Paraphrase and Solve: Exploring and Exploiting the Impact of Surface Form on Mathematical Reasoning in Large Language Models
Yue Zhou, Yada Zhu, Diego Antognini, Yoon Kim, Yang Zhang
TL;DR
The paper reveals that the surface form of math problems can dramatically influence LLM solvability, even when semantics are unchanged. It introduces Self-Consistency-over-Paraphrases (SCoP), which generates multiple paraphrase surface forms and aggregates reasoning paths across them to improve accuracy, especially for problems initially deemed unsolvable. Across GSM8K, AQuA, MATH, and MMLU using LLaMA-2-70b, GPT-3.5-Turbo, and GPT-4, SCoP consistently outperforms vanilla Self-Consistency and reveals notable cross-model difficulty alignment and narrower robustness gaps, quantified by the proposed Variance of Variations (VOV).
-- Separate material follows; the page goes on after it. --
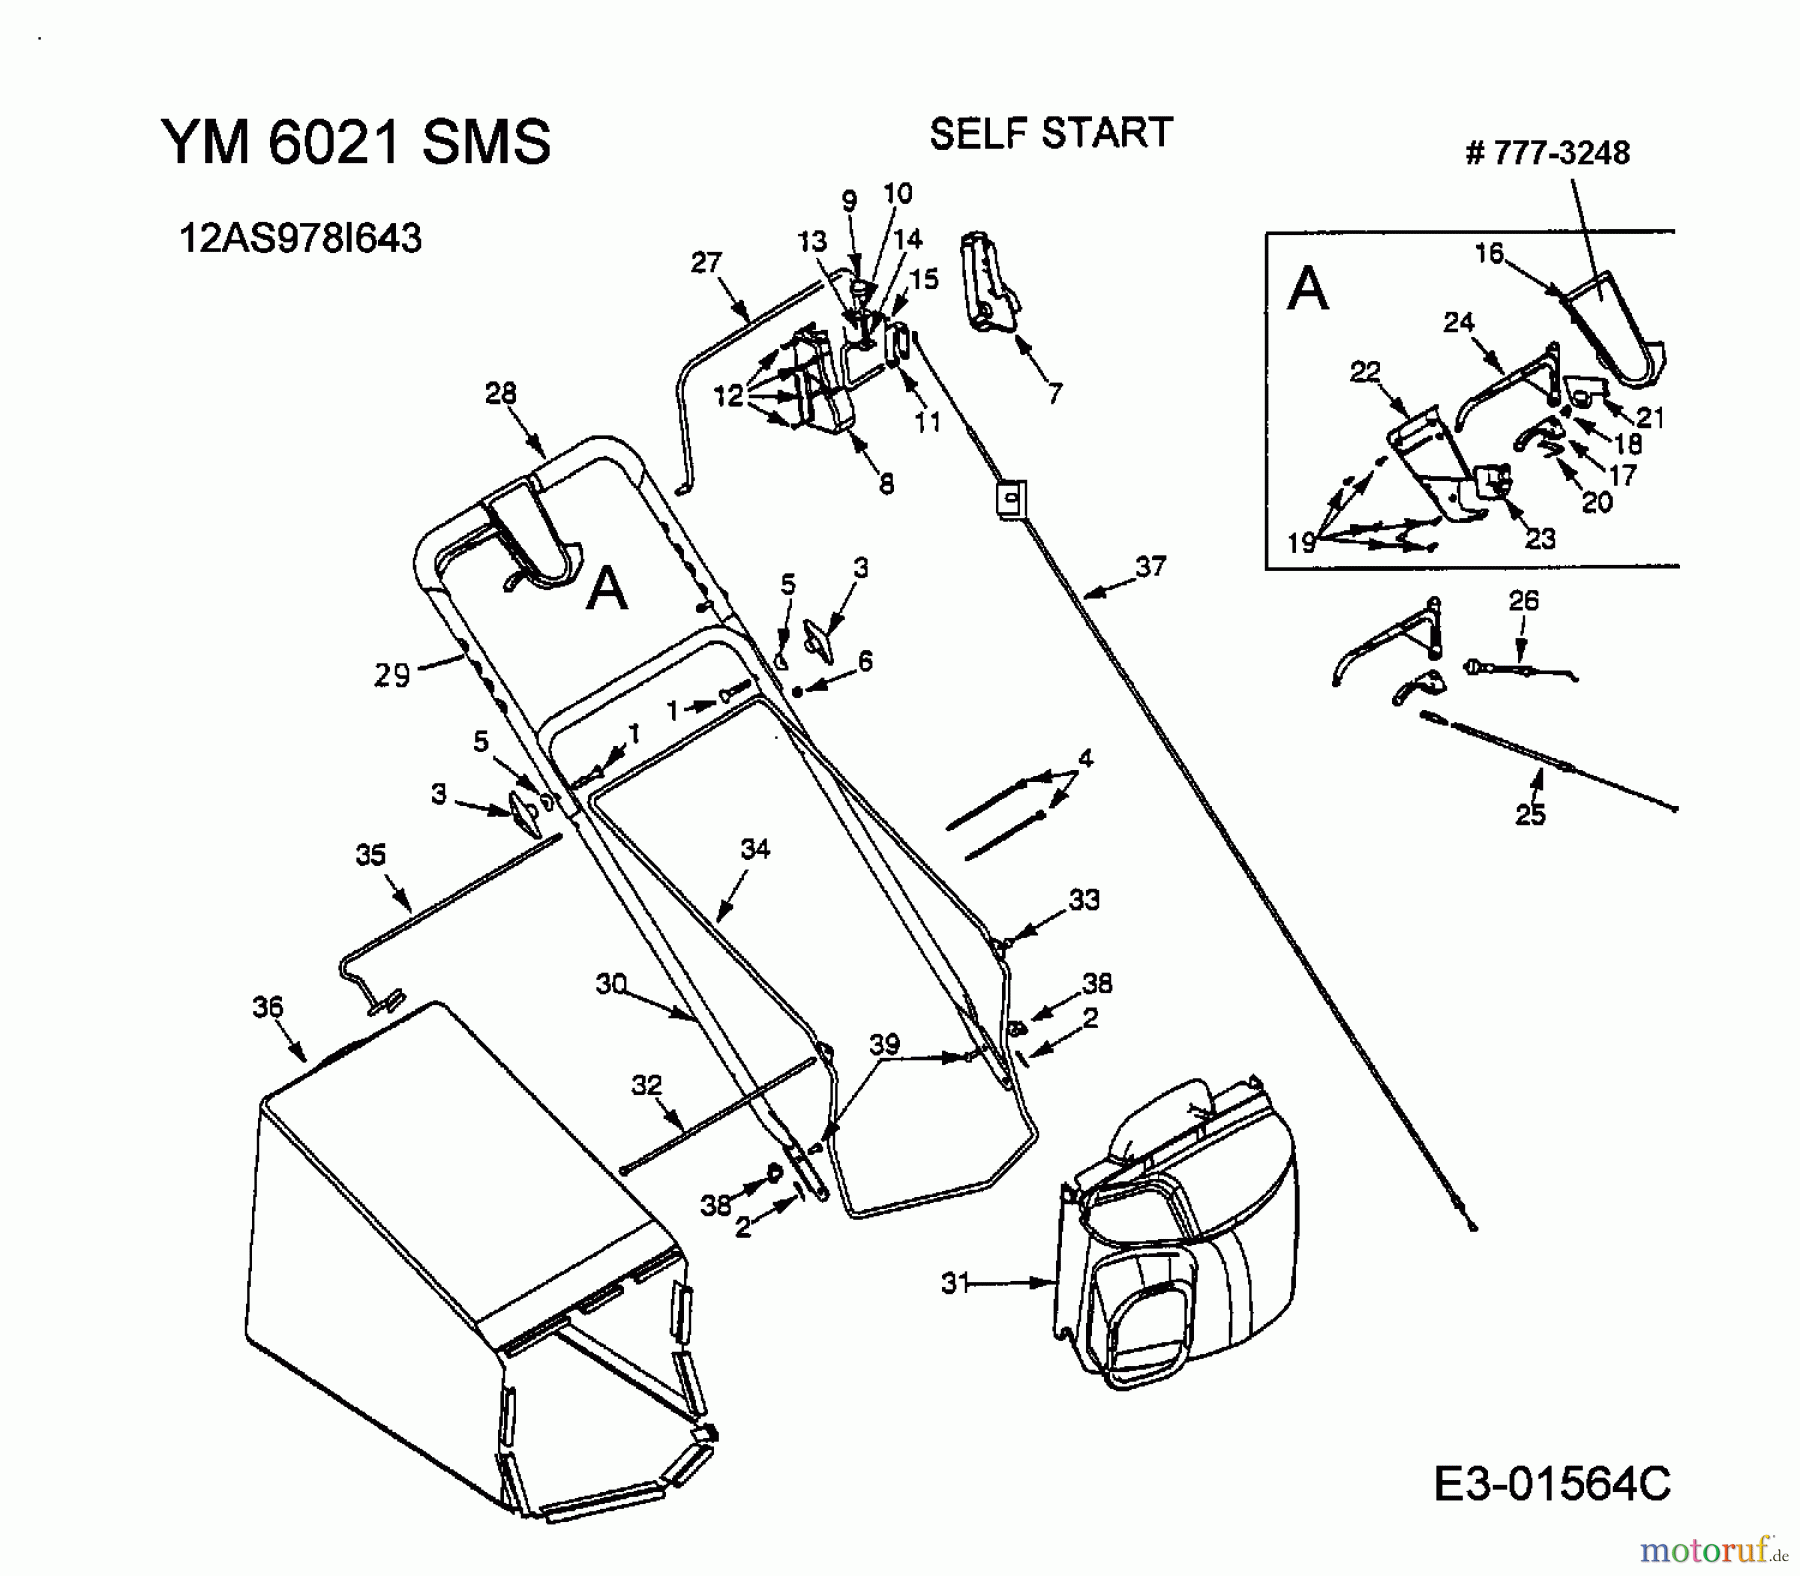  Yard-Man Motormäher mit Antrieb YM 6021 SMS 12A-979T643  (2001) Grasfangsack, Holm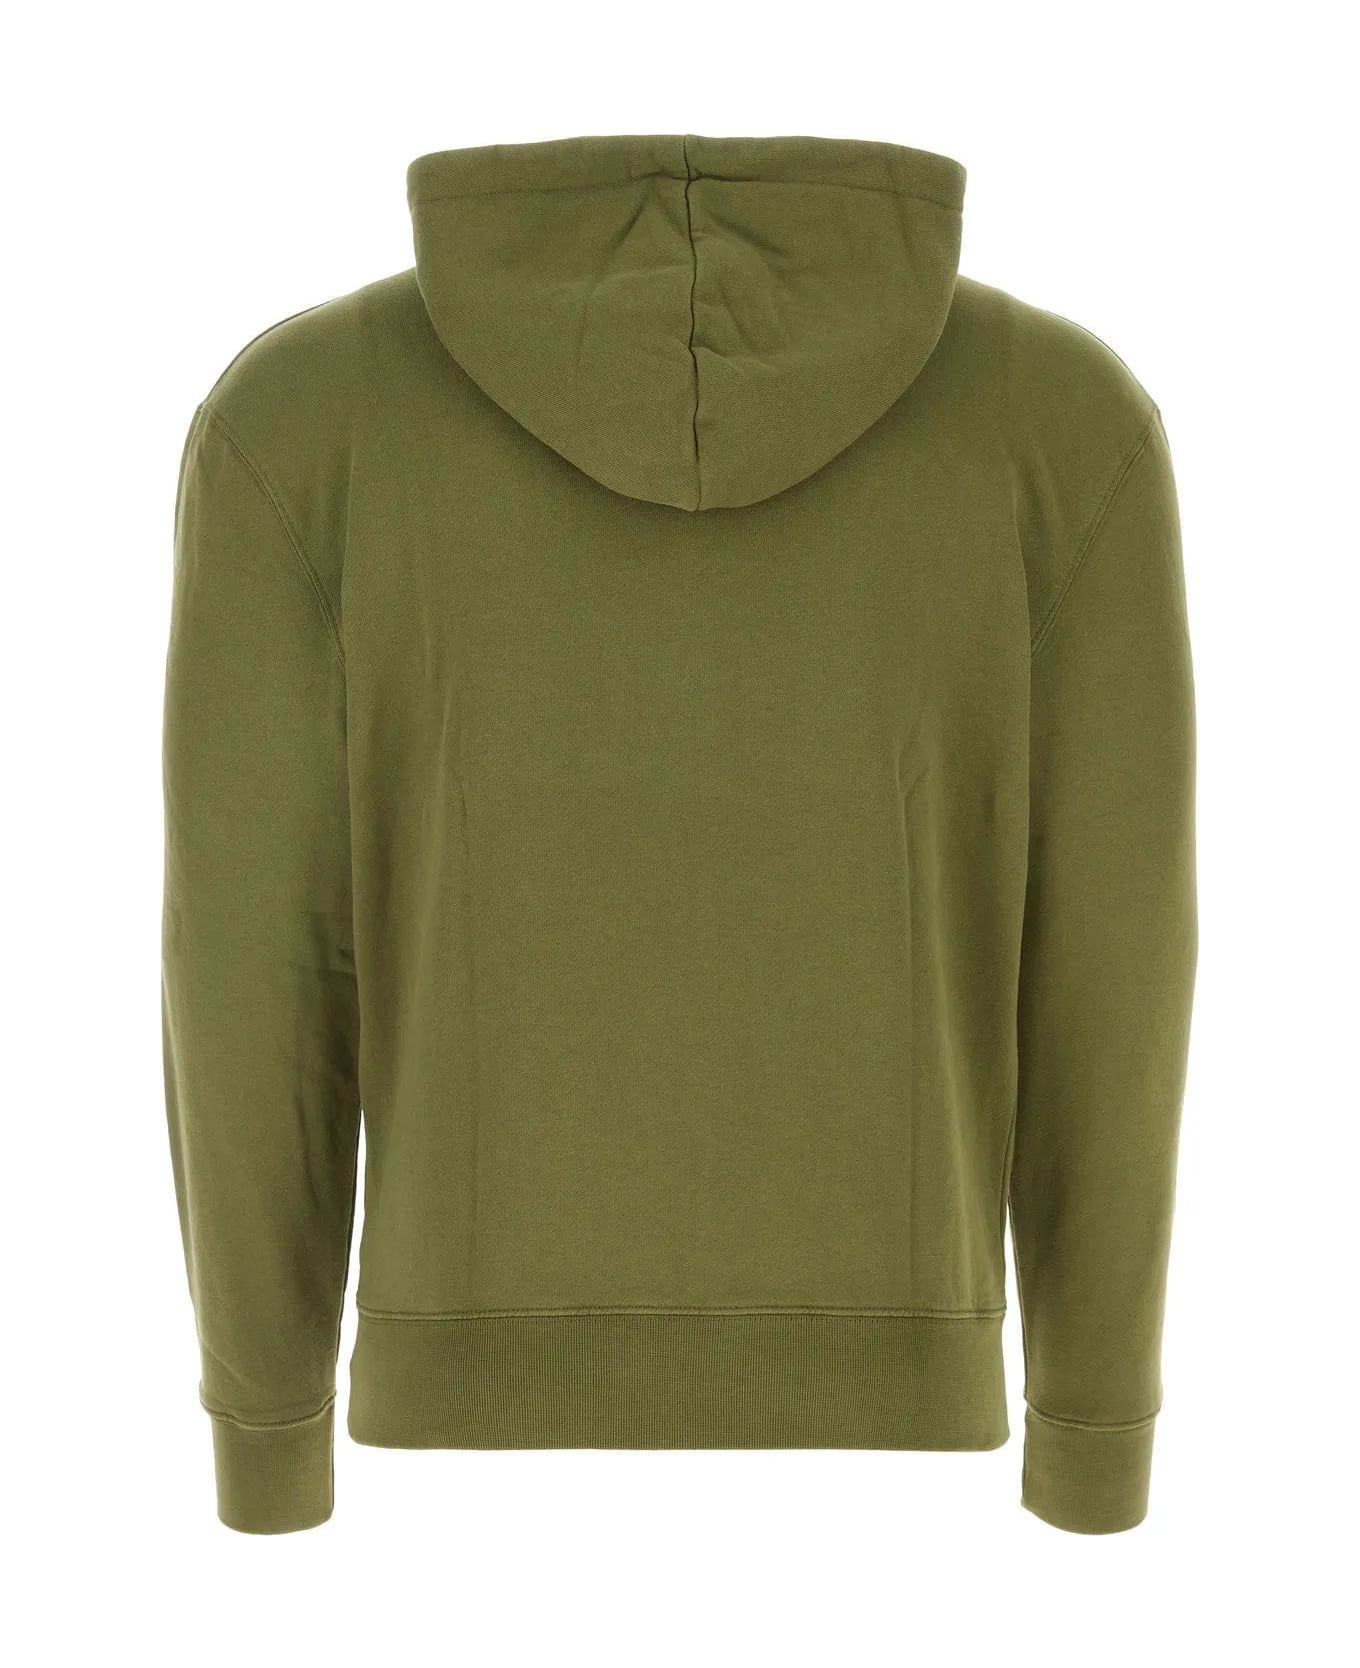 Maison Kitsuné Army Green Cotton Sweatshirt - Verde

The work provides practical prompts and exemplar-search strategies, analyzes transferability of paraphrases across models, and suggests directions for building more surface-form robust mathematical reasoning in LLMs.
Abstract
This paper studies the relationship between the surface form of a mathematical problem and its solvability by large language models. We find that subtle alterations in the surface form can significantly impact the answer distribution and the solve rate, exposing the language model's lack of robustness and sensitivity to the surface form in reasoning through complex problems. To improve mathematical reasoning performance, we propose Self-Consistency-over-Paraphrases (SCoP), which diversifies reasoning paths from specific surface forms of the problem. We evaluate our approach on four mathematics reasoning benchmarks over three large language models and show that SCoP improves mathematical reasoning performance over vanilla self-consistency, particularly for problems initially deemed unsolvable. Finally, we provide additional experiments and discussion regarding problem difficulty and surface forms, including cross-model difficulty agreement and paraphrasing transferability, and Variance of Variations (VOV) for language model evaluation.